Rosicrucian Writings Online

Friendship's Invisible Influence

By Colombe Madeleine Lewis
[From The Rosicrucian Digest April 1938]
EMERSON once wrote: "My friends have come to me unsought; God gave them to me."
Though we do not realize it, we are often drawn to someone as a friend because we subconsciously feel the need of acquiring certain definite attributes of his which we ourselves do not at present possess. It may be understanding or tolerance; it may be that his ideals are so high in our conception that we subconsciously aspire to those ideals which we think more inspiring than our own; it may be recognition of certain of his accomplishments and the way in which he has or is accomplishing them; it may be admiration for certain qualities of his personality--reliability, magnetism, industry, sincerity. It may be one thing or it may be many things. It may be a big thing or it may be a little thing.
Later in the association we learn that we have evolved, grown--taken on that quality or those qualities which we hadn't been conscious of searching for--and we wonder where they came from. It is when we look back upon those friendships which used to be, that we discover the source. Yet, at the time we were gaining this inspiration, we not only may not have realized that we were growing in that particular aspect, we may have been totally unaware of that quality we gained.
Oftentimes we hear the expression, "I don't know what he ever saw in her!" Maybe he didn't either--until many years later. A very popular moving picture luminary, a young man, was recently asked by a pertinent magazine reporter which of the numerous young ladies he had for several years alternately escorted to Hollywood social functions he liked the best. The actor's answer, rather than the vague tactful one of surely liking them all equally, was quite unusual in its depth: "I think I could answer that question ten years from now, but now I do not know."
Not that I imply that we should seek only those friends who can contribute to us--far the opposite. Just as vaguely as we realize the essentials which attract us to our friends, do we realize the qualities of our own selves which attract them. Few are sufficiently well integrated to honestly feel that they are perhaps an even balance between the poorer qualities they possess and the finer ones: down deep most people really feel that they have far too many qualities which need improvement--or they egotistically feel that they are everything that is right, admirable, and to be sought. We are indeed as oftentimes unconscious of our own inspiring qualities as we are of those of our friend.
If years from now, or possibly even months from now, one who is presently our friend, or who has been our friend, would tell us what he has learned and gained from his association with us, we might find that we have inspired him so greatly that his whole outlook, his whole mode of living has been changed.
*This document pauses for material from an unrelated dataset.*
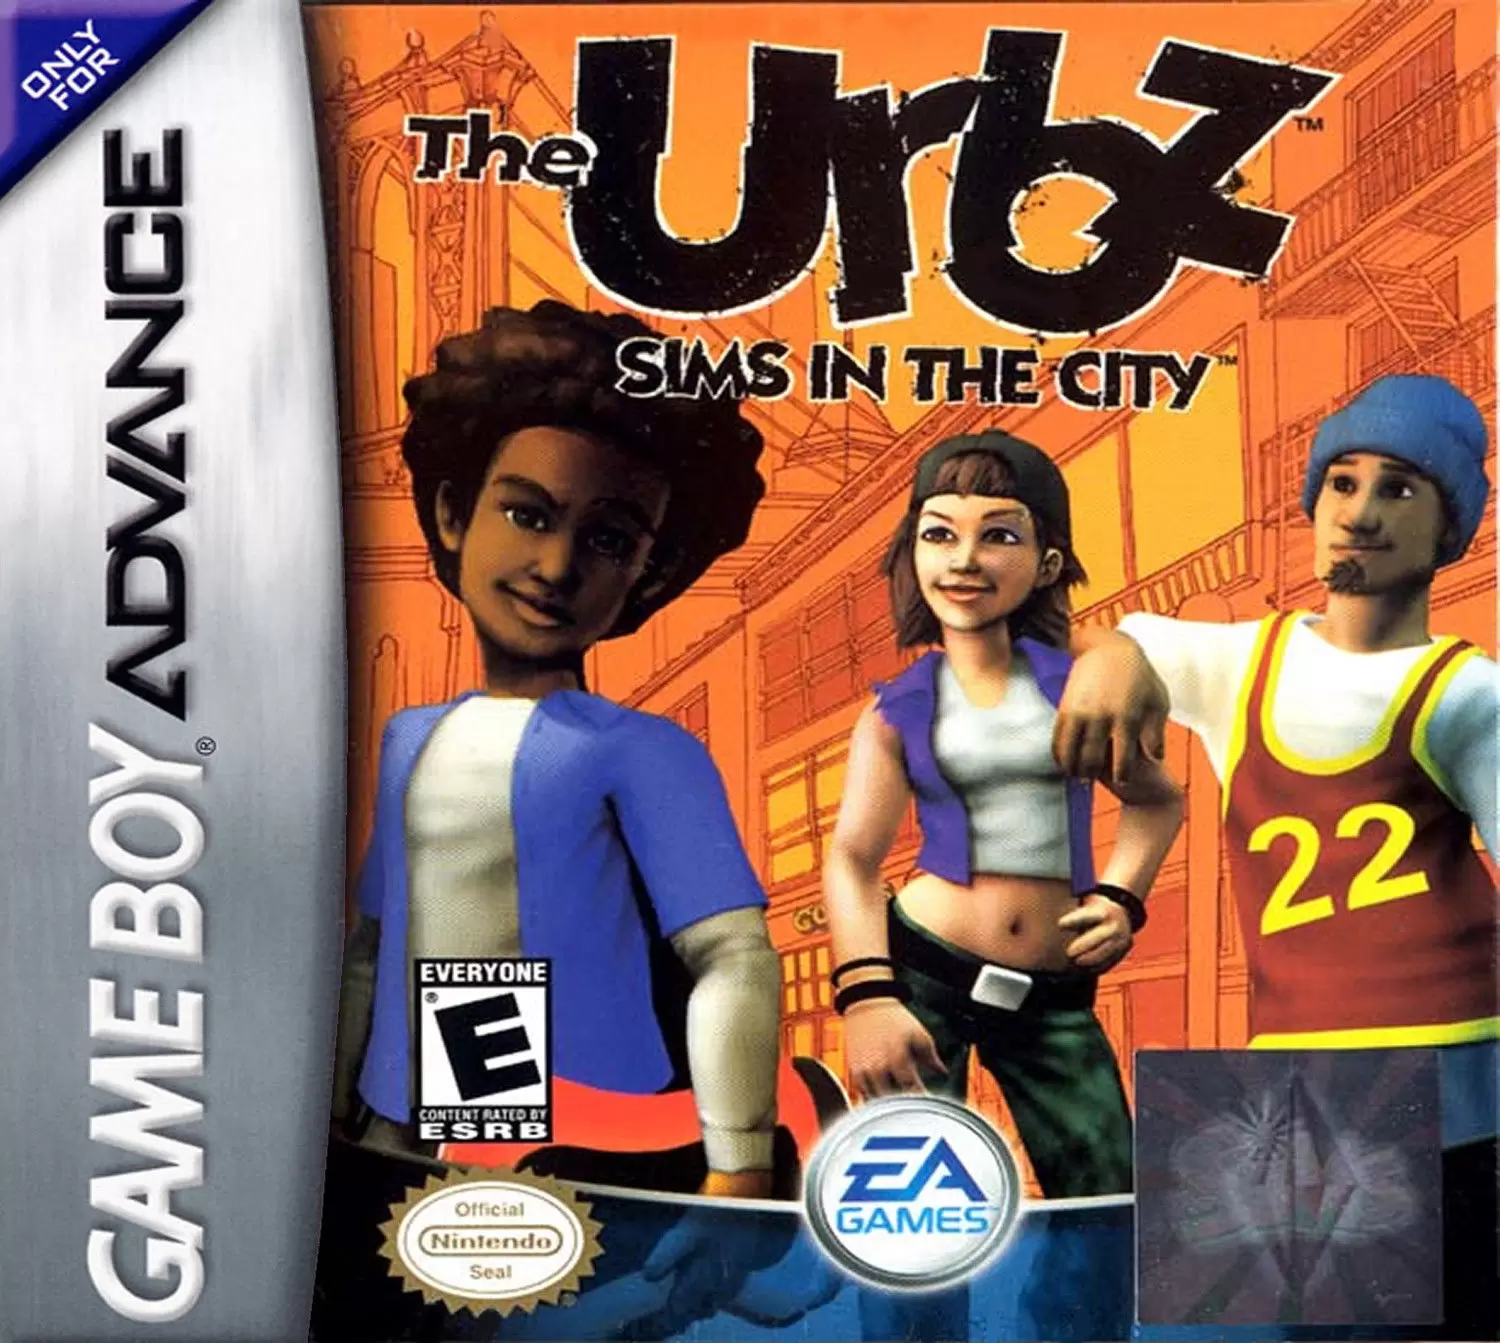 Game Boy Advance Games - The Urbz: Sims in the City

The friendship itself, that is, the association, may end, but the benefits derived from it have helped to make us what we are today and what we will be tomorrow. Indeed, God has given us our friends!
Sometimes we will find that the quality or qualities we are subconsciously seeking in our friend are the exact ones which he is seeking in us. Then a bond can be quickly established by uniting in search--and each sharing with the other every tiny bit of help he has received as we go along. The sharing might be done knowingly, then again it might be, as has already been mentioned, wholly unconscious of any effort or understanding by the two. It will be shared, transferred to each other, in any number of ways. Perhaps the two foremost of these are conversation and example.
Have you known the wonderful attunement of spending long hours talking alone with a friend? We open our hearts, our worlds--give the contents to each other's keeping, knowing that forever we will keep each other's trust.
Oftentimes mothers say to their grown daughters, who at fifteen had been very very much in "love" with some Johnny Jones, "Do you remember Johnny? Aren't you glad that you didn't marry him? Do you know now what you ever saw in him?" These daughters, who at fifteen might have been planning to elope with Johnny on his bicycle, might well answer, "Indeed I remember Johnny. And I know now what I saw in him--all of the qualities which I now wouldn't want in the young man I choose to become my husband! I've learned!" Yes, every friendship, no matter how long ago it was or how recent, how long it lasted, or how sadly it ended, has had its value in shaping our lives, determining our futures. We are a composite of all of our friends in the past.
If friendships drift off slowly without apparent cause or reason, and we see them fading away, let us say to ourselves that God had given us to each other in the first place that we might transfer to each other some of the divine spark which is ours to give, and that now we must share that which we gained with new friends.
Sometimes after two close friends have parted and have met again a new spark awakens and they become closer, dearer friends than they had been before. Each has gone his separate way, had new vitalizing experiences, learned new things, advanced, grown, developed, evolved--and each is ready to share again with the other. These are the lasting friendships, the eternal ones--for when each knows of the love and loyalty of the other, when each knows the relationship is strong enough to go unmet and still retain its original essence--ah, that is indeed blessed by God.
But if we two, who have been friends, part, and meet again, finding we have naught but a nod--and inside us a quick recollection of what used-to-be--let us not be sad. Let us thank God that we have had this friendship, and pass on to share a kindlier heart, a deeper understanding, and a more Cosmic beauty and inspiration with the new friends He bids us.